Google Updates Shift Search to Task Completion

▼ Summary
– Google launched hotel price tracking in Search, Canvas trip planning in AI Mode, and agent-powered store calling in AI Mode, shifting Search toward task completion.
– Google’s updates follow a pattern seen in its SAGE research, Pichai’s statements about agentic search, and a patent for autonomously providing search results later.
– The vocabulary for these features is unsettled, with terms like “agentic,” “agent manager,” and “task-based agentic search” used interchangeably.
– Local retailers, hotels, travel businesses, and publishers face new visibility challenges as agents call stores, compile itineraries, and track prices without clear reporting on inclusion.
– No new reporting tools were provided with these updates, leaving search professionals unable to measure their role in agent-driven surfaces, a gap widening as academic agent training advances.
Google has rolled out a trio of search updates this week that signal a clear shift from simply delivering links to completing tasks for users. The changes, reported initially by Roger Montti for SEJ, prompted a closer look at what they reveal about the company’s evolving strategy and what it means for the rest of 2026.
At the heart of these updates is a move away from the traditional results page and toward a more action-oriented experience. Instead of just showing information, Google is now increasingly doing the work.
The most immediate update is individual hotel price tracking in Search, now live globally for signed-in users searching in English and Spanish. Users can set price alerts for specific properties and receive email notifications when rates change for their selected dates.
In a bigger move, Canvas trip planning in AI Mode has graduated from Labs preview to general availability in the U. S. This feature, first launched in November, lets users describe a trip and receive a fully customized itinerary with flights, hotels, and attractions that save automatically. Meanwhile, agent-powered store calling, which debuted in classic Search last November, is coming to AI Mode. This allows Google’s AI, using Gemini and Duplex, to call local stores directly to check inventory.

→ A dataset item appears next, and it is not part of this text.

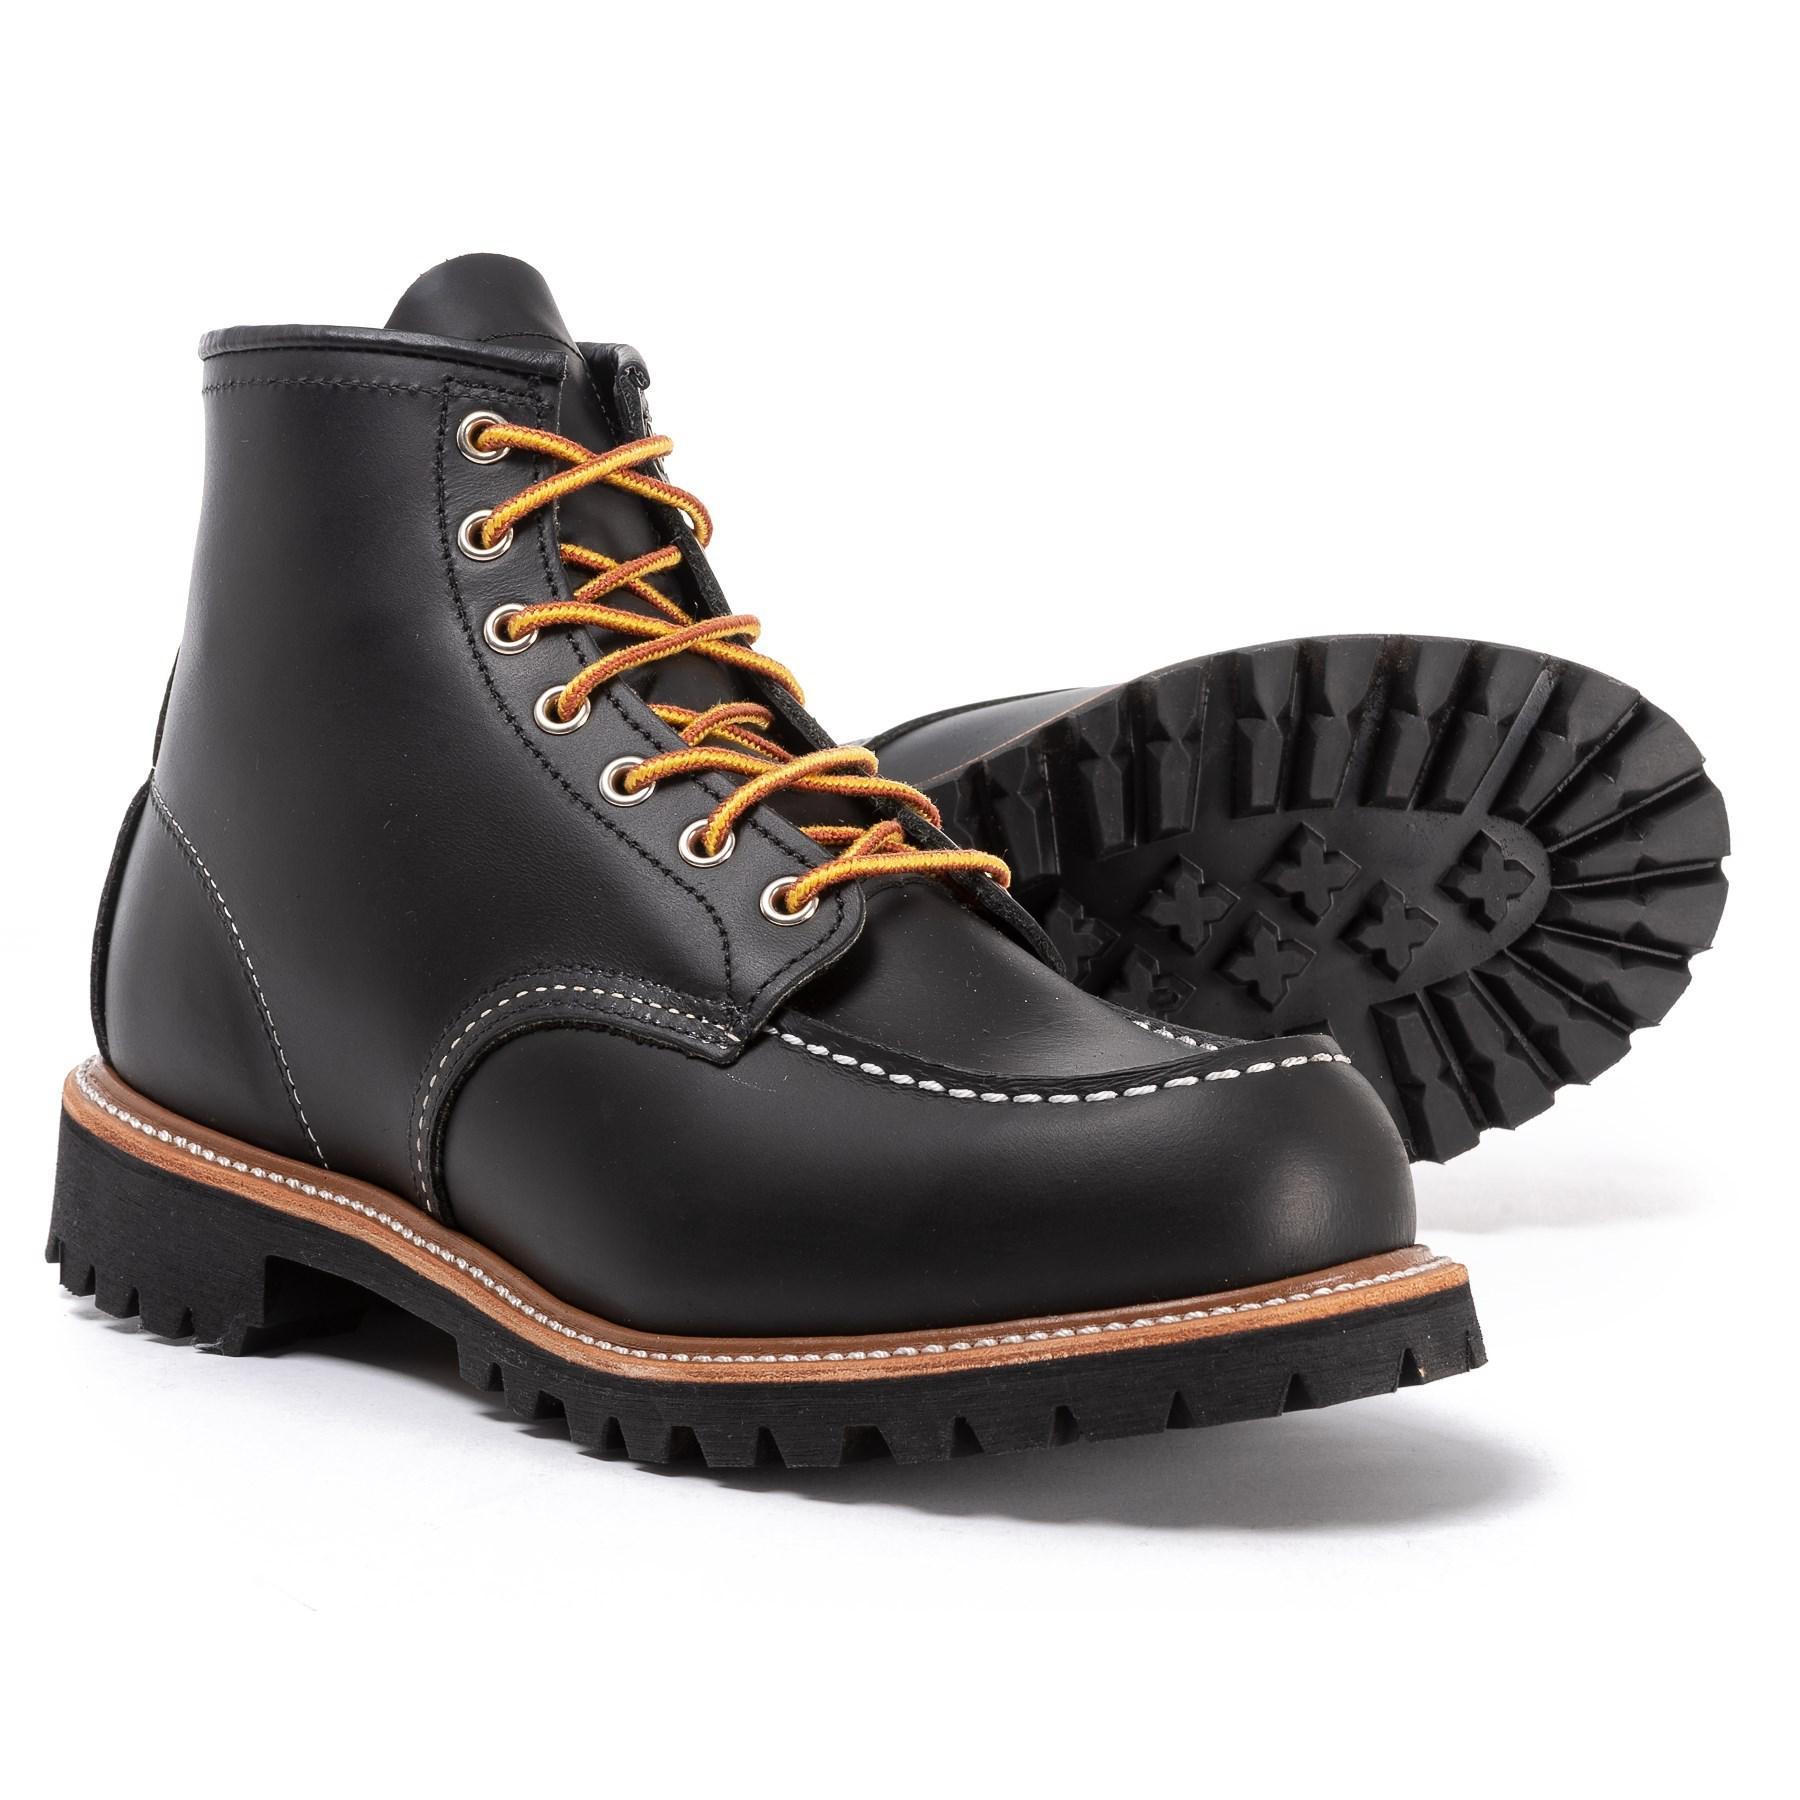 fe9c327e207 Red Wing Black Irish Setter Classic Moc-toe Work Boots for men

Product Leader Yao announced the updates on X, with more details in Google’s official blog post.
These announcements are not isolated. They fit a pattern visible in Google’s research, patents, and executive language since January. The company published the SAGE research paper in January, which trains agents on multi-step reasoning chains, laying the groundwork for complex tasks in Search.
CEO Sundar Pichai’s language has also sharpened. In an April interview, he stated plainly, “A lot of what are just information-seeking queries will be agentic in Search.” This followed a deep dive that tracked his shift from vague promises of change to specific descriptions of task completion. Montti argued earlier this month that this future is already here, citing the global rollout of agentic restaurant booking as proof.
A recently published Google patent, titled “Autonomously providing search results post-facto,” describes a system that waits for answers when none are available and delivers them later through assistant interactions. The pattern is consistent: Canvas expands, store calling enters AI Mode, and hotel price tracking becomes granular.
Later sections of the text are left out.